Indian heavy metal band

Kryptos is an Indian heavy metal band from Bangalore, Karnataka and is widely regarded as one of the pioneers of the modern Indian heavy metal movement.

Known for their high-octane blend of 80s metal, NWOBHM and thrash metal, Kryptos draws influence from bands such as Iron Maiden, Judas Priest, Thin Lizzy, Coroner and Kreator. The band has released seven studio albums and has toured extensively across Europe and Asia.

In 2013, Kryptos became the first Indian heavy metal band to perform at Wacken Open Air, one of the world's largest metal festivals.

== History ==
===Formation and early years (1998–2003)===
Kryptos was formed in Bangalore in 1998 by guitarist Nolan Lewis and bassist Ganesh Krishnaswamy. Influenced by the sound and ethos of classic heavy metal from the 1970s and 1980s, the band began performing locally and quickly became one of the spearheads of the growing Indian underground metal scene.

=== Debut album (2004) ===
In 2004, Kryptos released their debut studio album Spiral Ascent, which became one of the earliest internationally recognized heavy metal releases from India.

The album quickly gained underground attention within India as well as in Europe and South America.

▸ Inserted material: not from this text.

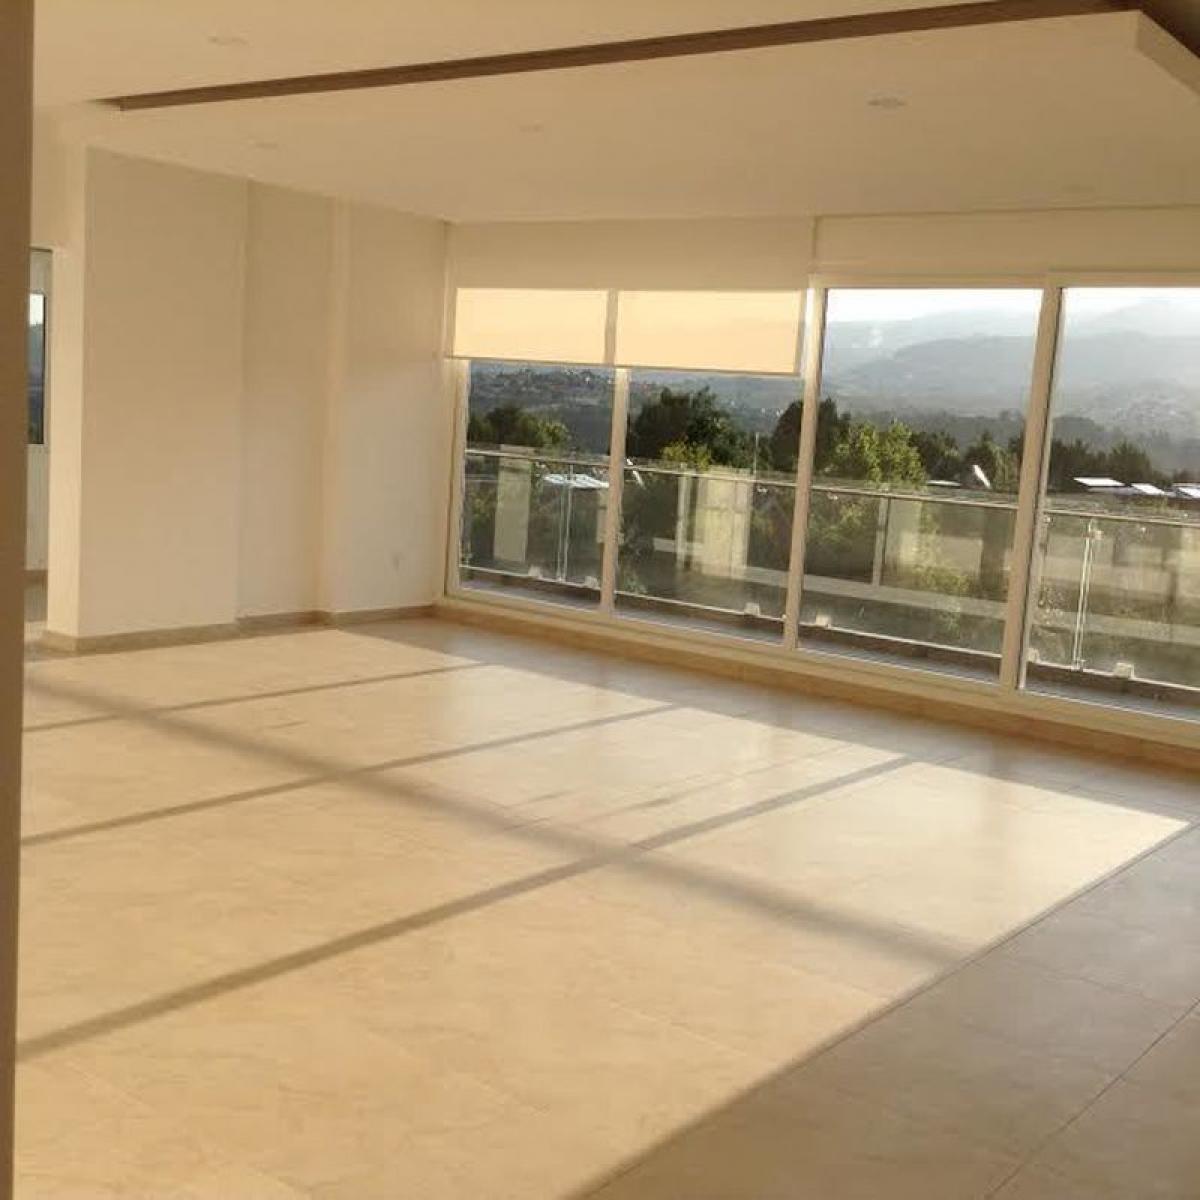 Picture of Apartment For Sale in Huixquilucan, Mexico, Mexico

Although long out of print, Spiral Ascent is often cited as an influential early release in the development of modern Indian heavy metal.

=== The Ark of Gemini, lineup changes and supporting Iron Maiden (2006–2009) ===
In 2006, Kryptos signed with California-based label Old School Metal Records, becoming one of the first Indian metal bands to secure an international record deal.

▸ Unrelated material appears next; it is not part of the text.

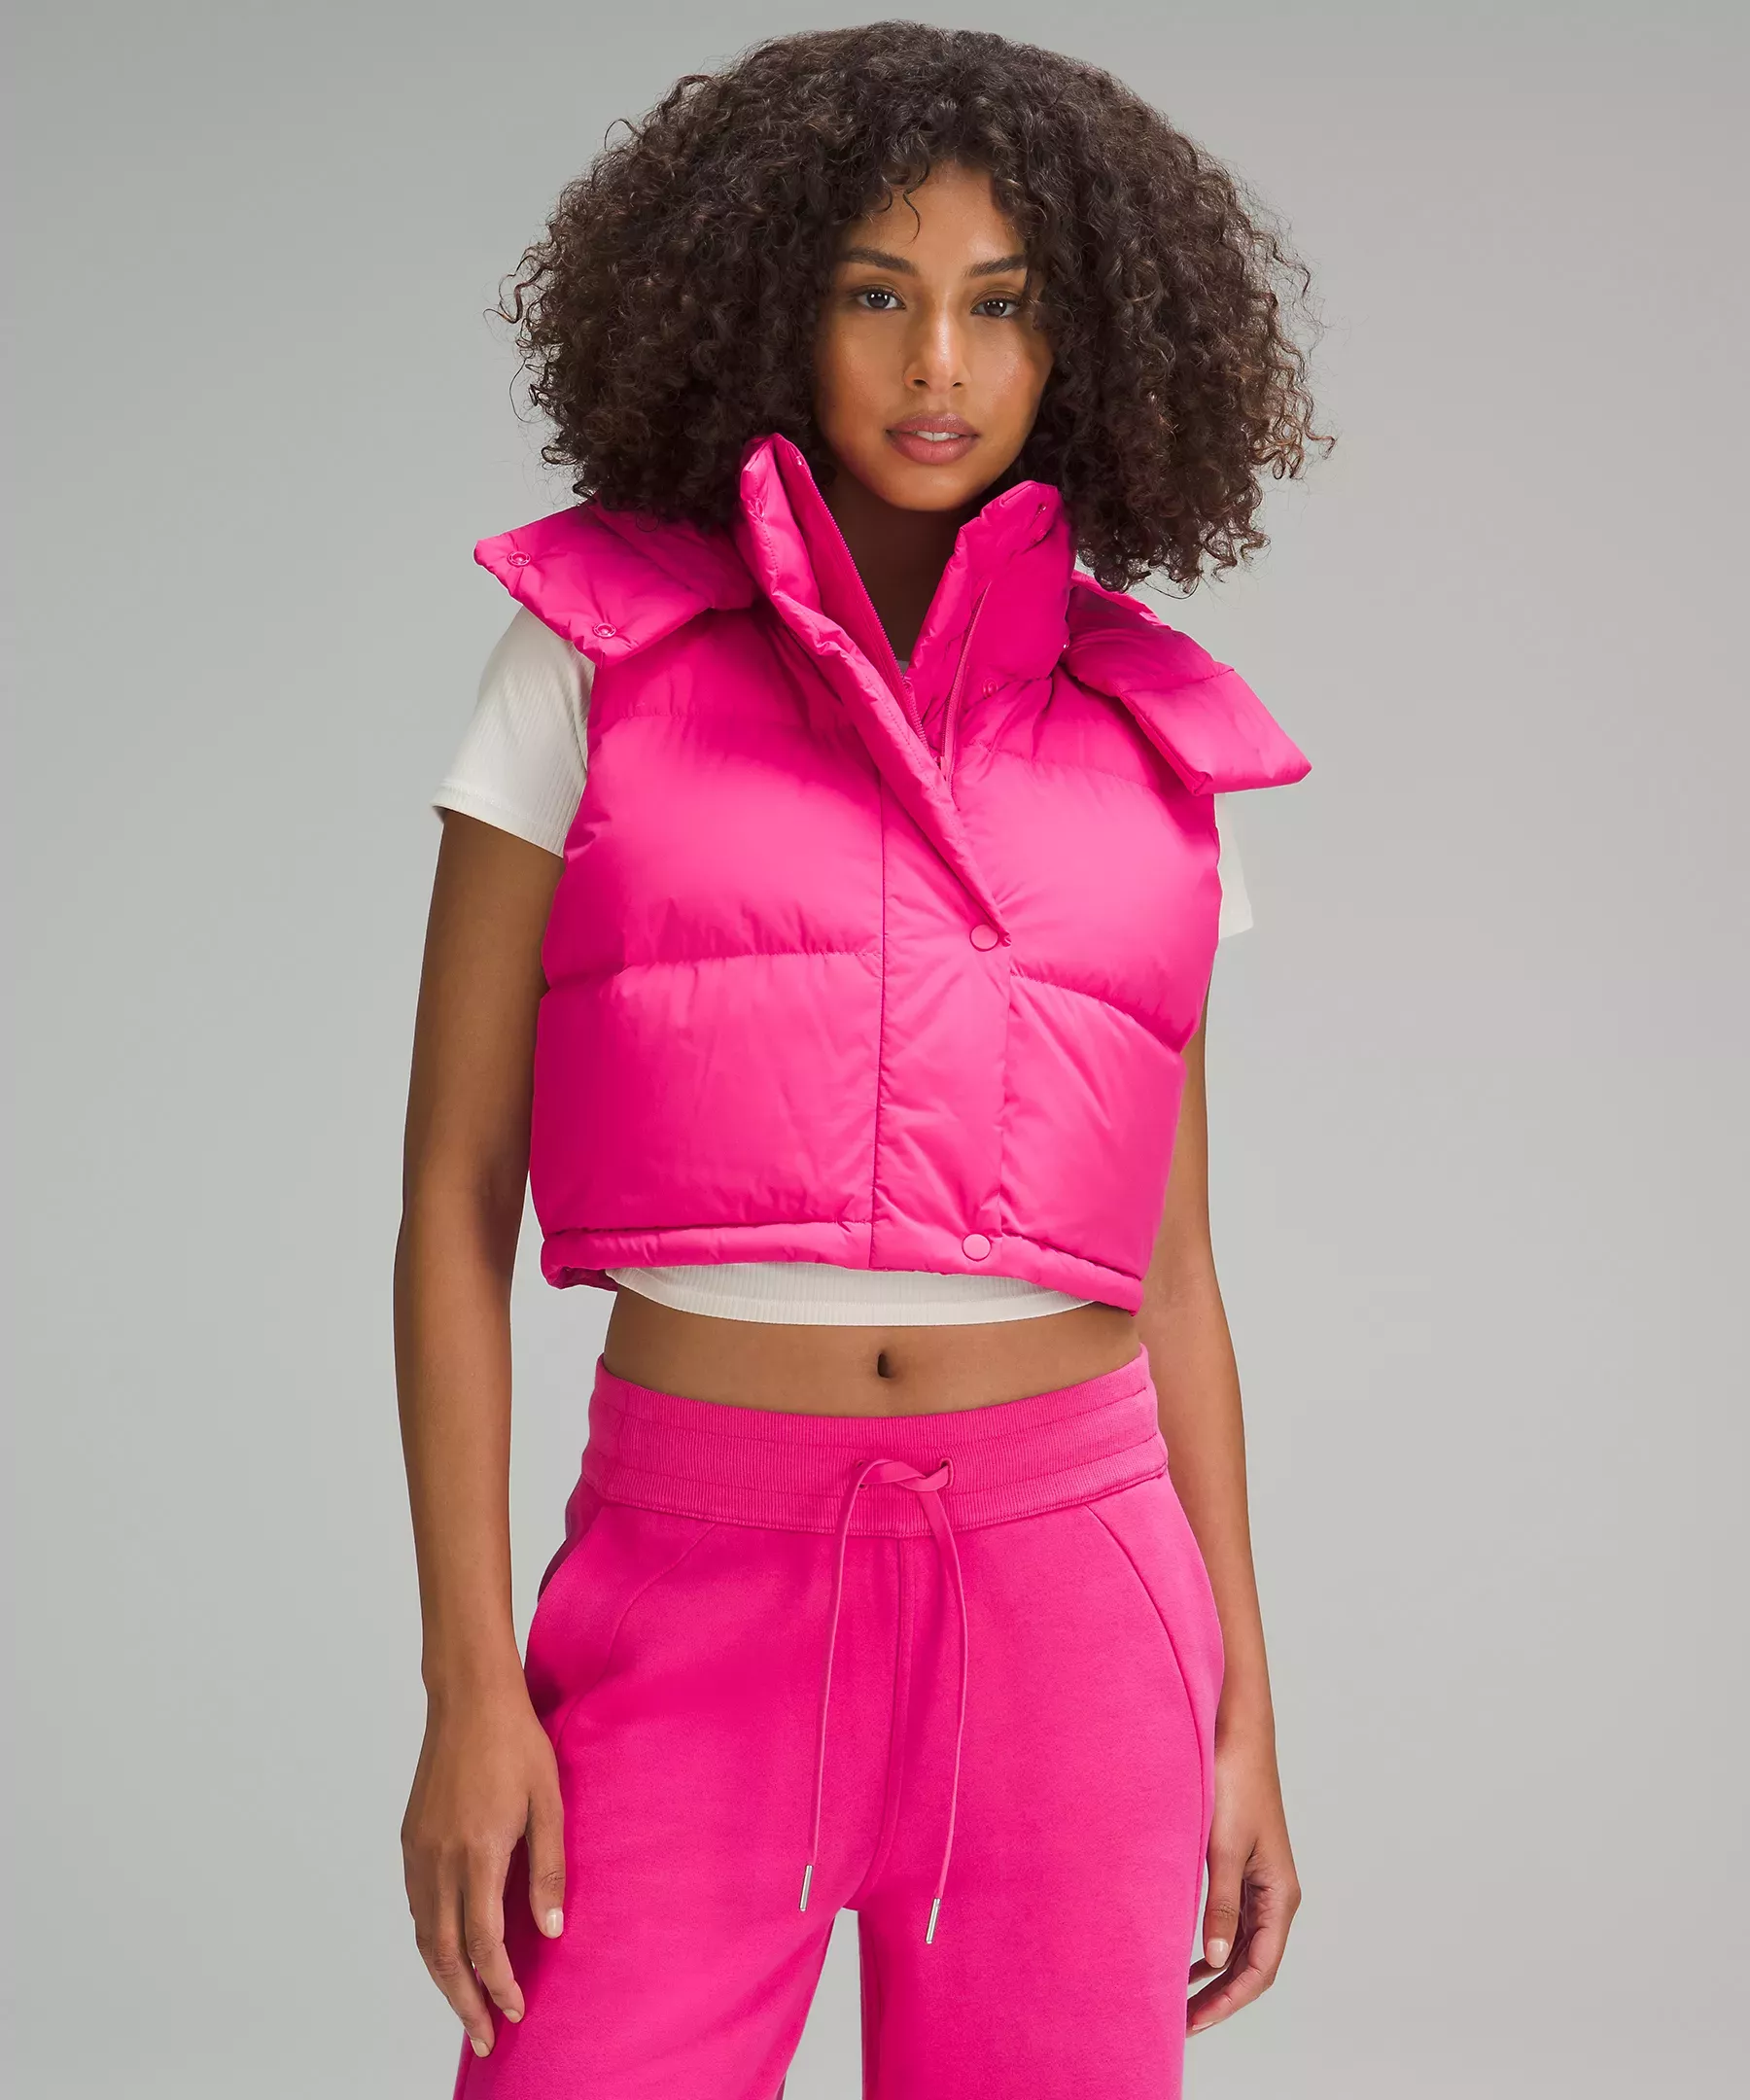 Track Wunder Puff Cropped Vest - Meadowsweet Pink - 4 at Lululemon

This period also saw a lineup change with Nolan Lewis taking over lead vocals while continuing as rhythm guitarist and Rohit Chaturvedi (lead guitar) and Jayawant Tewari (bass) coming into the fold, joining Ryan Colaco (drums).

Kryptos recorded and released their second studio album The Ark of Gemini in 2008, which received positive reviews from international metal media and radio stations.

In 2009, Kryptos opened for Iron Maiden at Rock 'N India 2009 in their home town Bangalore — playing to almost 17,000 fans at the Palace Grounds.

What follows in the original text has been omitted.